Directory Anvil scans for route files. Must match the layout expected by the manifest loader.
-g, --gen-dir <dir>
string
default:".gen"
Output directory for generated source files. Anvil writes routes.ts and an intermediate server.ts entry point here before bundling.
-o, --out <file>
string
default:"dist/server.mjs"
Path for the final output bundle. The .mjs extension signals that the file is an ES module.
--manifest-only
boolean
Stop after emitting .gen/routes.ts. Skip generating server.ts and skip the bundling step entirely. Useful for CI validation and type-checking without producing a full build artifact.

What the build produces

1

Scan routes and emit the manifest

Anvil walks your routes directory, validates each module’s param names and schemas, and writes a fully-typed routes.ts to the generated sources directory. The console prints how many routes were discovered:
[anvil] manifest: 6 route(s) → .gen/routes.ts
2

Generate the server entry point

Anvil writes a minimal .gen/server.ts that imports your manifest, calls createApp, and starts the HTTP server.
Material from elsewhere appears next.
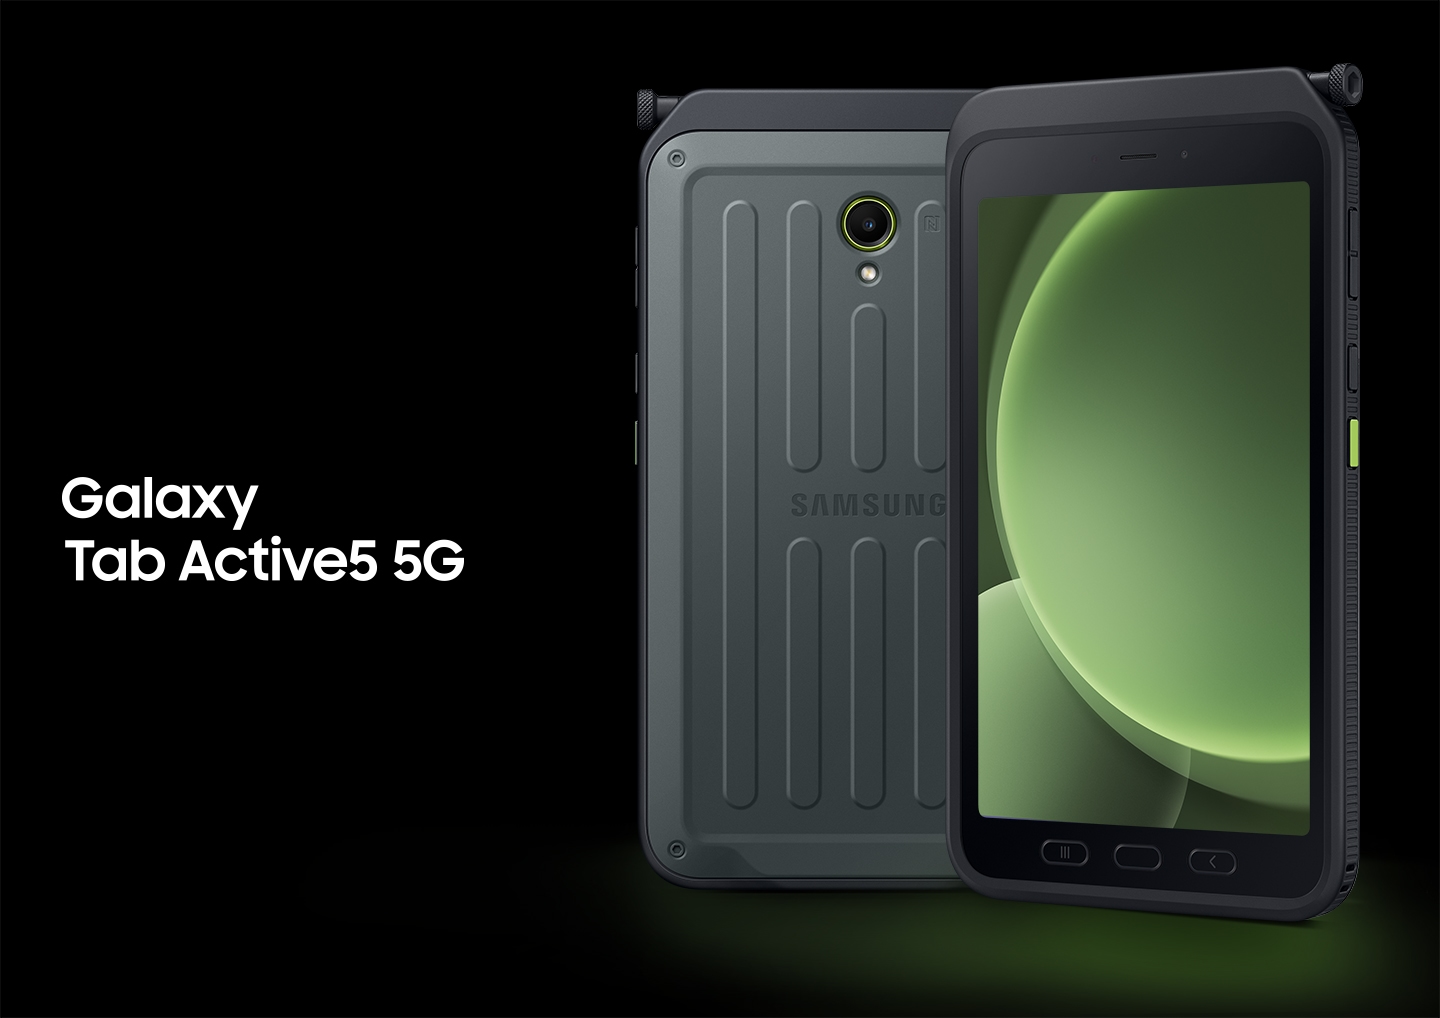 顯示了兩台 Galaxy Tab Active5 5G 裝置。 左側設備顯示背面，右側設備顯示前螢幕，螢幕上顯示綠色輻射圓形。

This file is the bundle entry point — you don’t need to write or maintain it yourself:
// Generated by `anvil build`. Do not edit.
import { createApp, serve } from 'anvil-sdk';
import { manifest } from './routes.ts';

process.env.NODE_ENV ??= 'production';
const app = createApp(manifest);
const server = await serve(app, { port: Number(process.env.PORT) || 3000 });
console.log(`[anvil] listening on http://localhost:${server.port}`);
3

Bundle the server

Anvil compiles and bundles server.ts targeting Node.js 20, ESM format, with source maps and all node_modules marked as external. The result lands at dist/server.mjs:
[anvil] bundle → dist/server.mjs

Example: default build

anvil build
[anvil] manifest: 4 route(s) → .gen/routes.ts
[anvil] bundle → dist/server.mjs

Example: custom paths

anvil build --routes src/api --gen-dir .generated --out build/app.mjs

Example: manifest-only (CI validation)

Use --manifest-only to validate route structure and schema serializability in a CI pipeline without spending time on the full bundle:
anvil build --manifest-only
[anvil] manifest: 4 route(s) → .gen/routes.ts
--manifest-only is ideal for a lightweight CI validation step. Run it alongside anvil lint to catch both structural errors and schema issues before deploying MCP tools.
The .gen/ directory contains generated files. Add it to .gitignore and treat its contents as build artifacts — never edit them by hand.